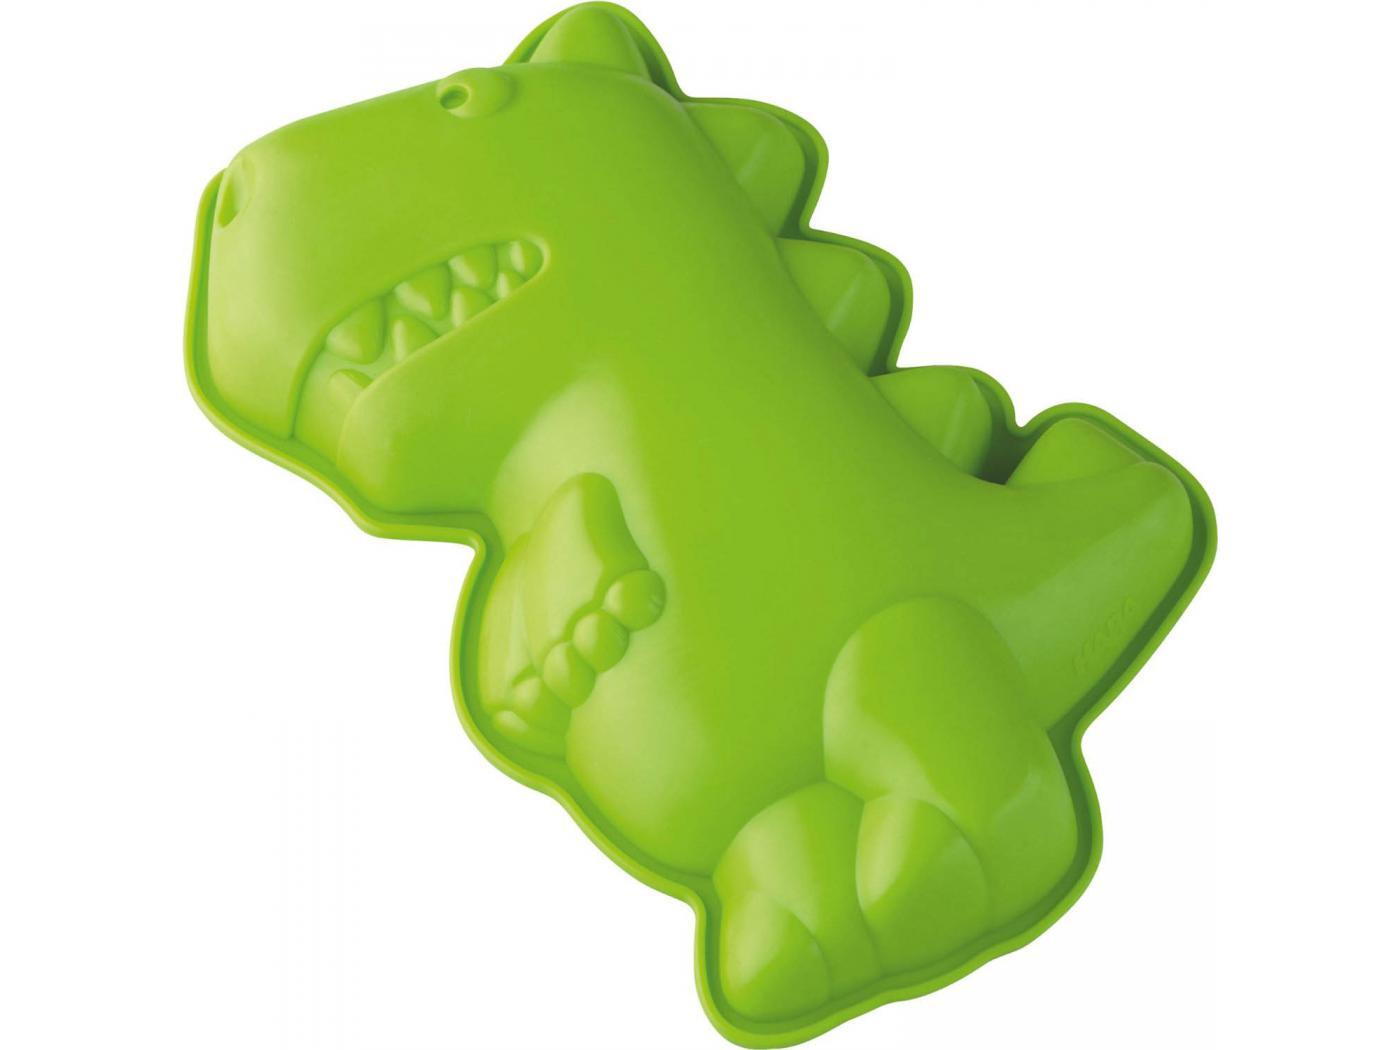 Haba moule g teau en silicone dinosaure - Moule a gateau silicone ...
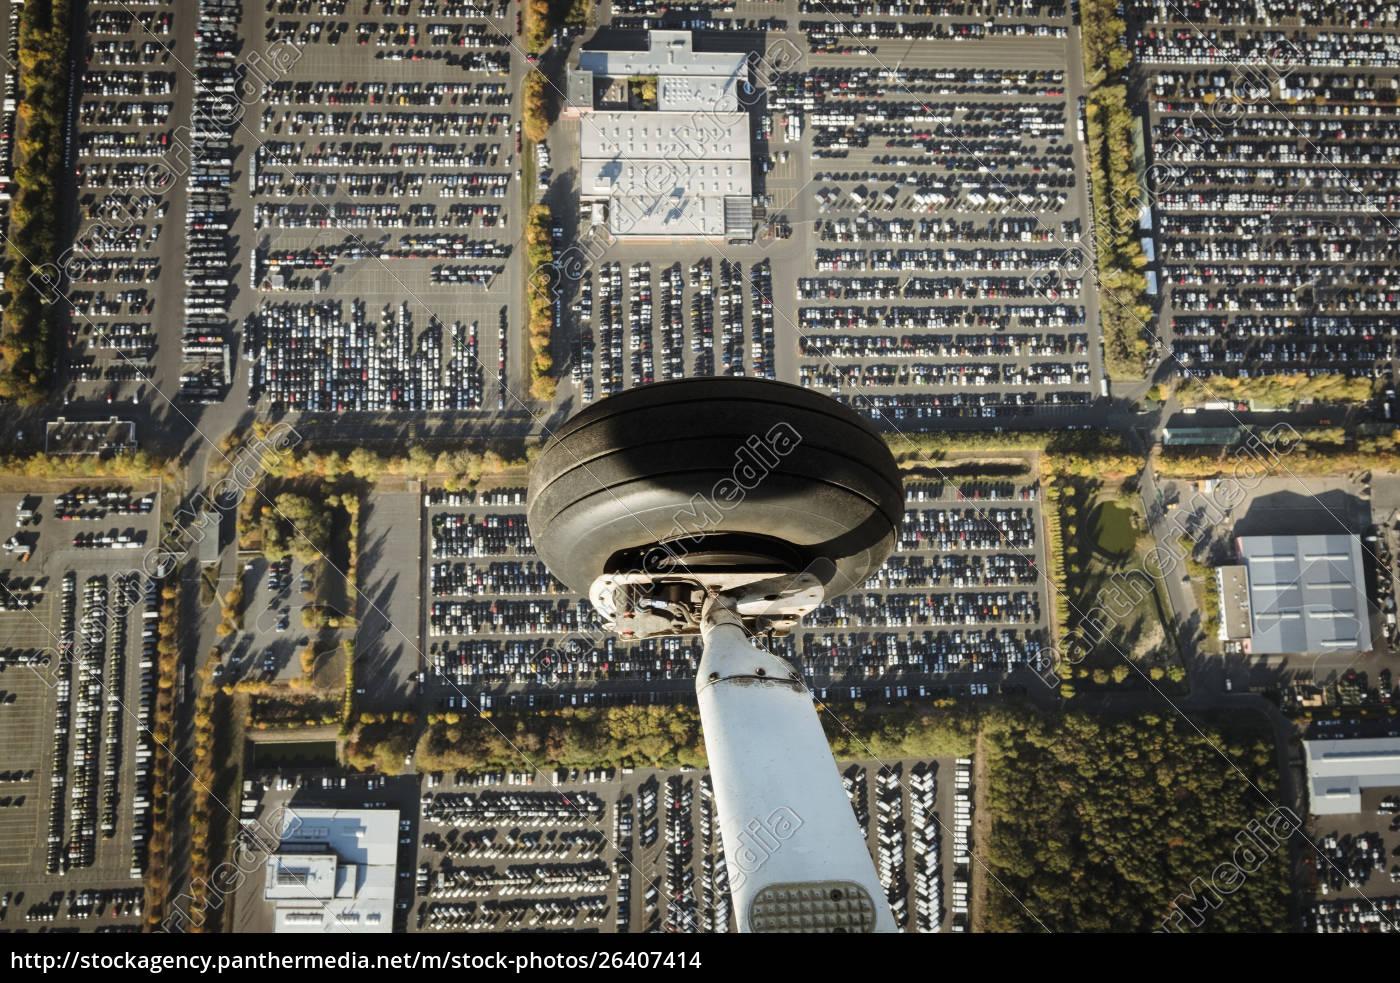 luftbild, flugzeugrad, das, über, parkplätze, fliegt - 26407414
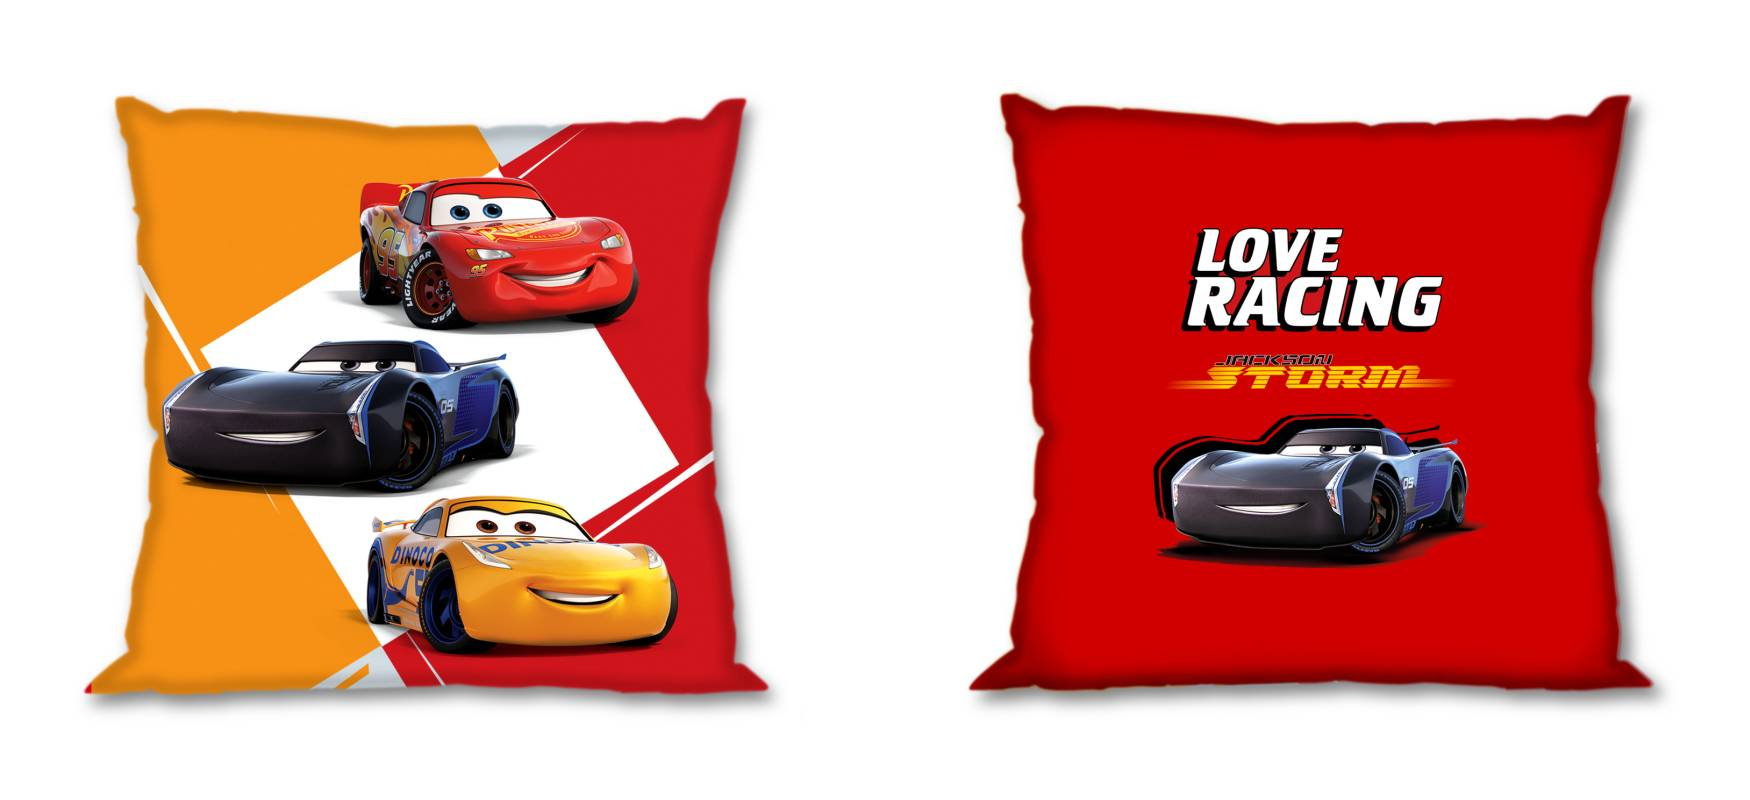 FARO Povlak na polštářek Cars Love Racing  Bavlna, 40/40 cm
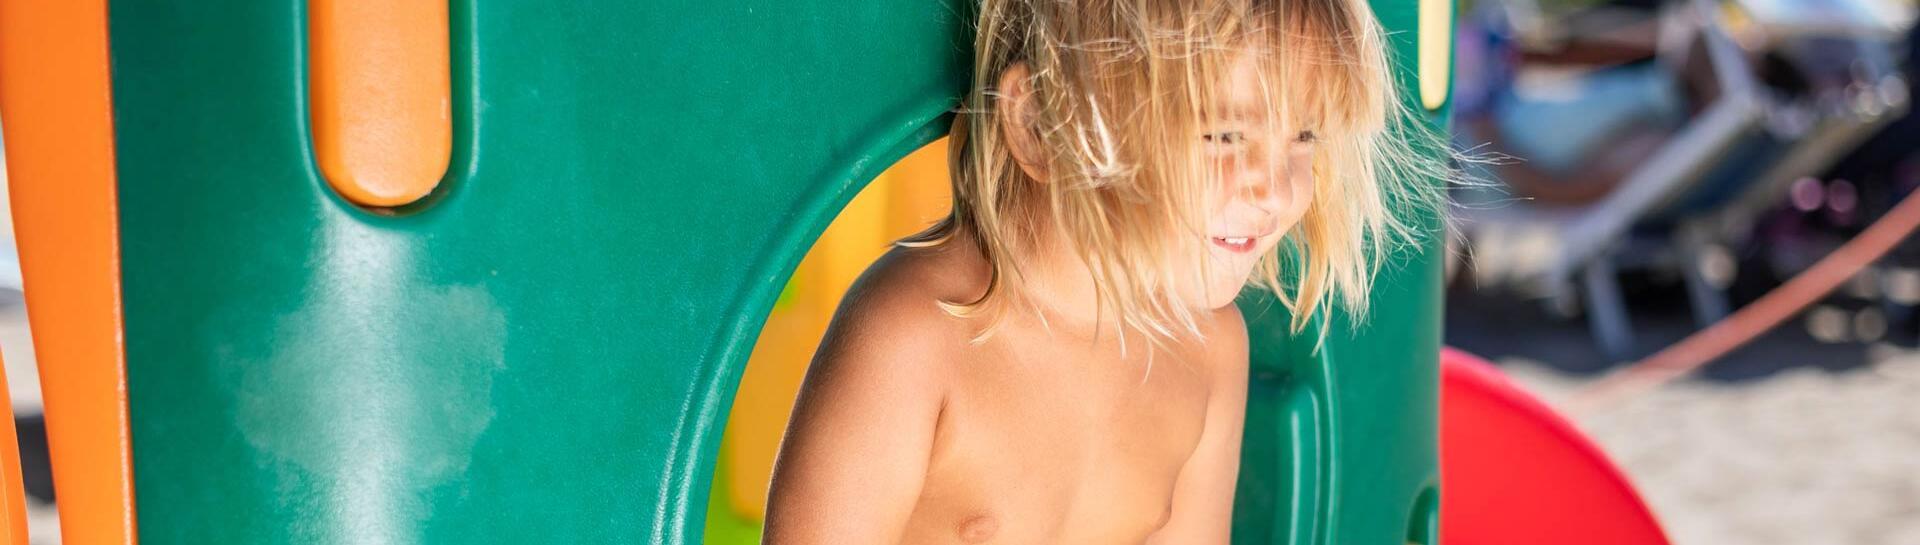 4mori en resort-by-the-sea-sardinia 013
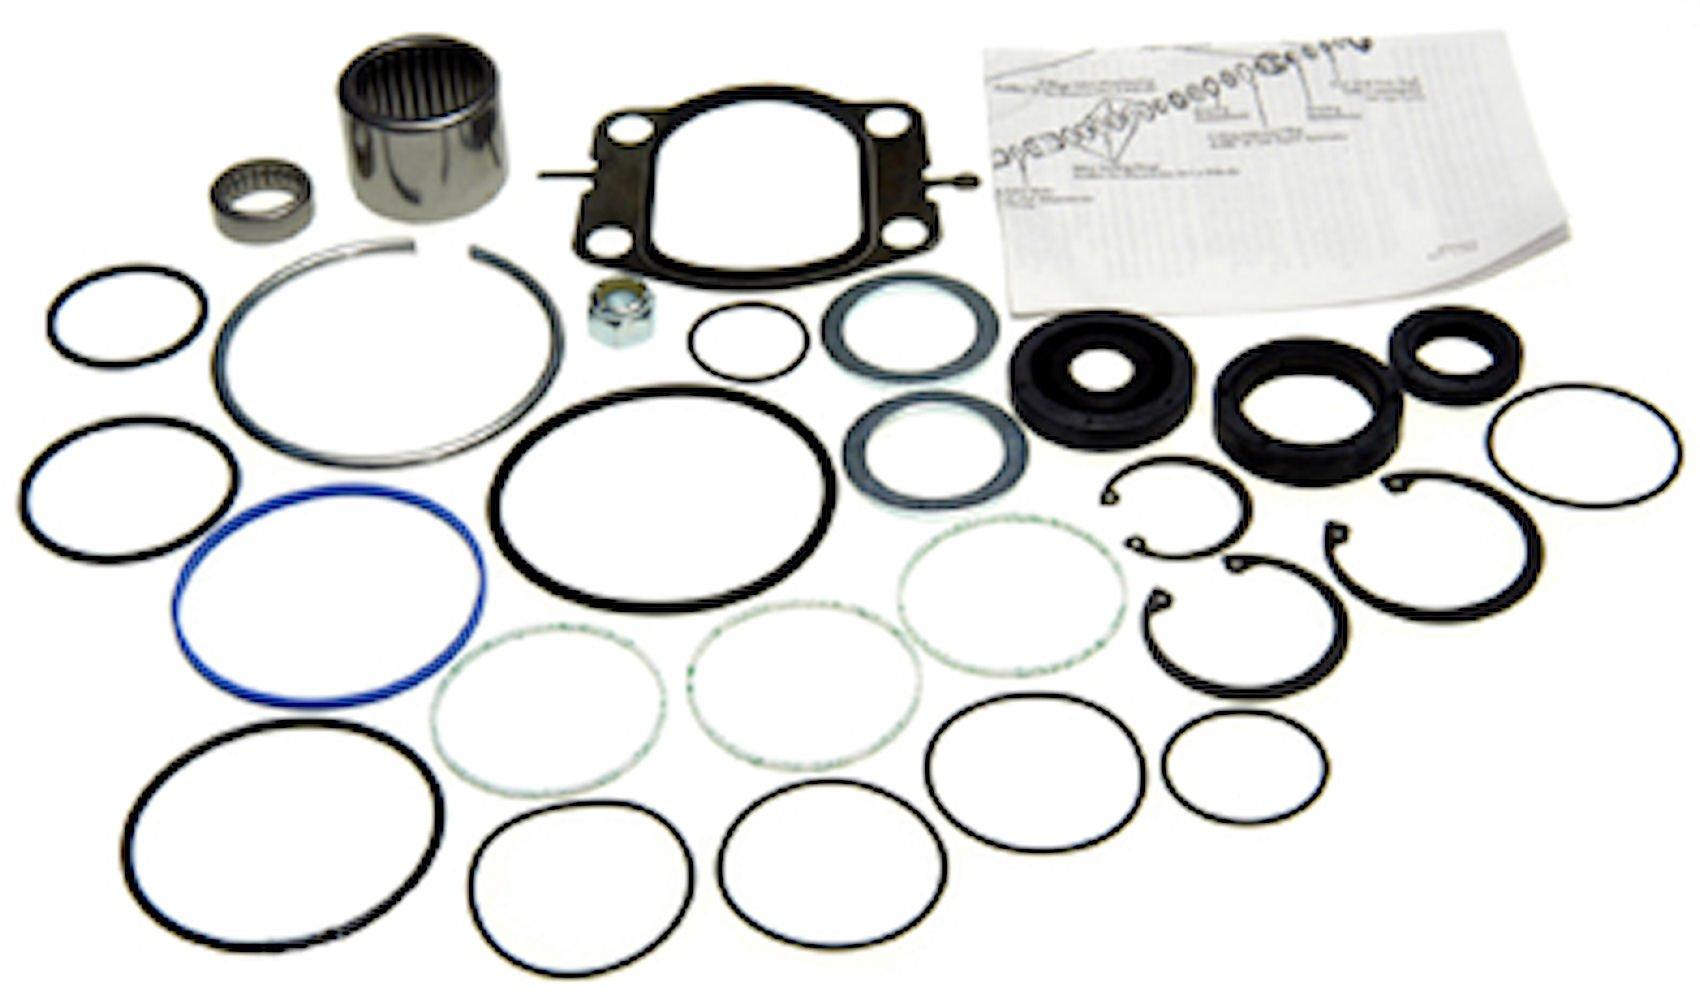 Edelmann 7857 Power Steering Gear Box Complete Rebuild Kit

### What to do
In the answer, include exactly the lines from the top of the entries through the line containing "4mori en resort-by-the-sea-sardinia 013", and nothing else, not even the pictures.

### Solution below
 Haba moule g teau en silicone dinosaure - Moule a gateau silicone ...
 luftbild, flugzeugrad, das, über, parkplätze, fliegt - 26407414
 FARO Povlak na polštářek Cars Love Racing  Bavlna, 40/40 cm
 4mori en resort-by-the-sea-sardinia 013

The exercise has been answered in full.